First things first: speed is overrated. You should make measures before declaring that a given algorithm is "too slow". Most of the time, hash function speed makes no noticeable difference anyway. If you have qualms about security, then first select a hash function which is secure enough, and then only worry about performance.

Moreover, you want to hash "strings". A Java String is, internally, a chunk from an array of char values which represent Unicode code points (actually, Unicode 16-bit code units which encode the code points using UTF-16). A hash function takes as input a sequence of bits or bytes. So you will have to make a conversion step, e.g. str.getBytes("UTF-8"), to obtain your string as a bunch of bytes. It is likely that the conversion step will have a non-negligible cost when compared to the hashing itself.

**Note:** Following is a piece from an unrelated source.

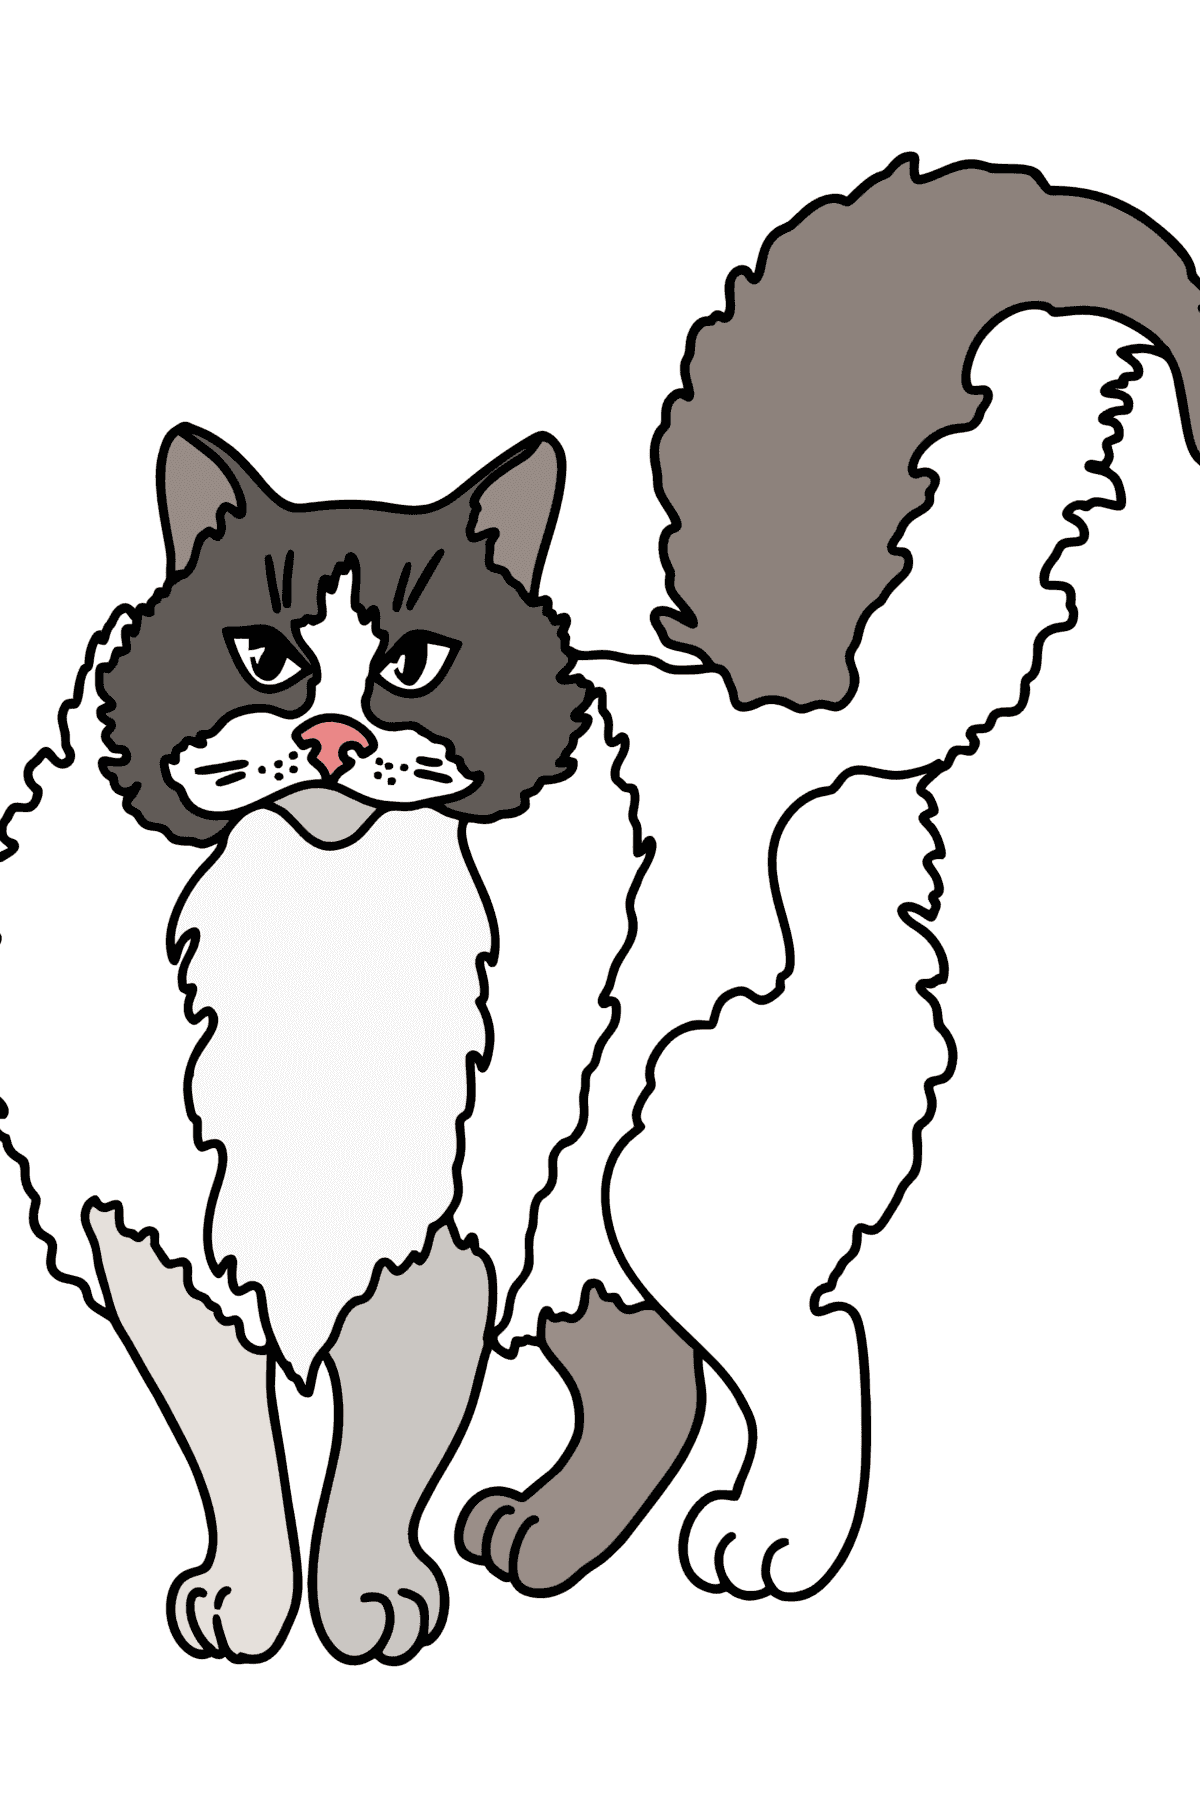 Розмальовка Регдолл кішка - Розмальовки для дітей

Note: beware of URL-encoding ! In a URL, some bytes can be replaced with sequences beginning with a '%' sign; this is meant to support non-printable characters, but it can be used on "standard" characters as well (e.g., replacing 'a' with '%61'). This means that two strings which are distinct (in the String.equals() sense) may actually represent the same URL (as far as URL processing is concerned). Depending on your situation, this may or may not be an issue.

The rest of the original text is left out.